Tek’s 80SJNB application is a timing and noise analysis toolset used with the company’s DSA8300 Series Sampling Oscilloscopes. According to Tek’s Loberg, “The toolset performs timing and noise-based analysis to get a 3-D view of the eye’s performance for deeper, more accurate evaluation. The DSA8300 Series supports up to 50-GHz electrical and optical signal access for the latest high-speed communications signal acquisitions.”

Figure 5. Crosstalk Eye Comparison
Courtesy of LeCroy


There is no shortage of jitter and noise analysis tools. The challenge is not whether you can accomplish a certain measurement or subsequent analysis but rather to be clear about what you actually need to do. Direct-sampling scopes impose the least restrictions on the signal. However, they do not offer the same level of jitter decomposition performance as a sampling scope. Neither is their estimate of total jitter equivalent to that provided by a BERT. In addition, a BERT identifies the data transitions associated with observed errors.
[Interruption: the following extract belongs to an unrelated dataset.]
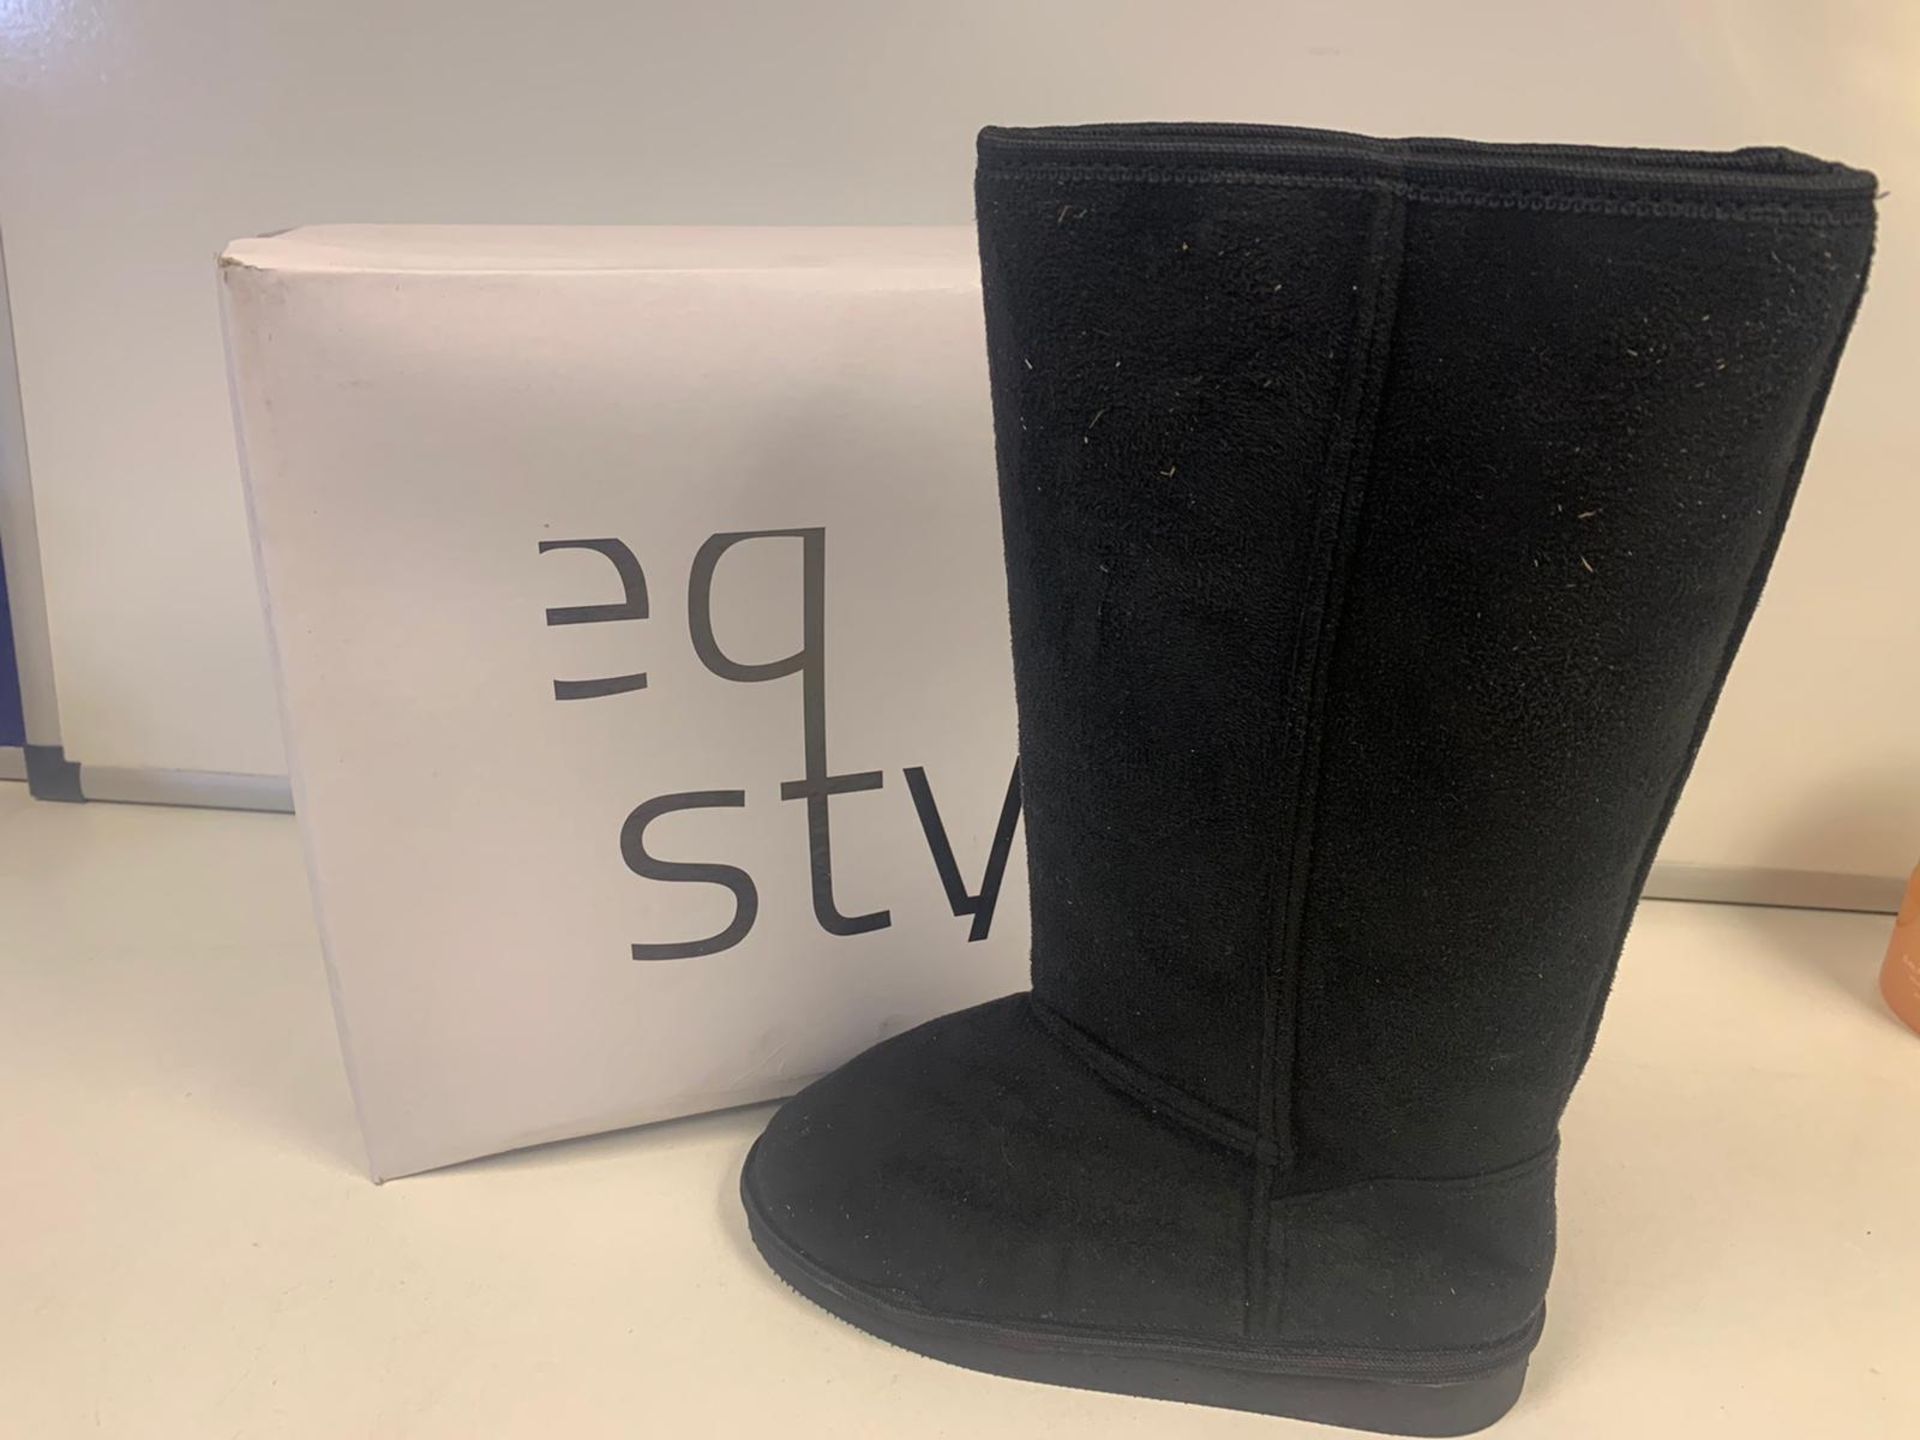 20 X BRAND NEW BOXED EQ STYLE WINTER BOOTS BLACK SIZE 4 IN 2 BOXES

Nevertheless, a BERT is not unique in this respect. The 3.50 version of Agilent’s SDA software now supports user prequalification of eye data. You can select the nature of the data transitions, such as eight consecutive 0s followed by a 1, from which the eye will be constructed. SDA software can be used with the company’s 90000 Q-Series Oscilloscopes to recover clocks at greater than 100 Gb/s.


1. Miller, M., and Schnecker, M., “A Comparison of Methods for Estimating Total Jitter Concerning Precision, Accuracy, and Robustness,” DesignCon 2007.
2. Relationship Between Eye Diagram and Bathtub Curves, WAVECREST, Technical Bulletin #13, 2003.
3. Stephens, R., Jitter Analysis: The Dual-Dirac Model, RJ/DJ, and Q-Scale, Agilent Technologies, White Paper, 2004.
4. BERTScope Bit Error Rate Testers Jitter Map “Under the Hood;” A New Methodology for Jitter Separation, Tektronix, Application Note, 2010.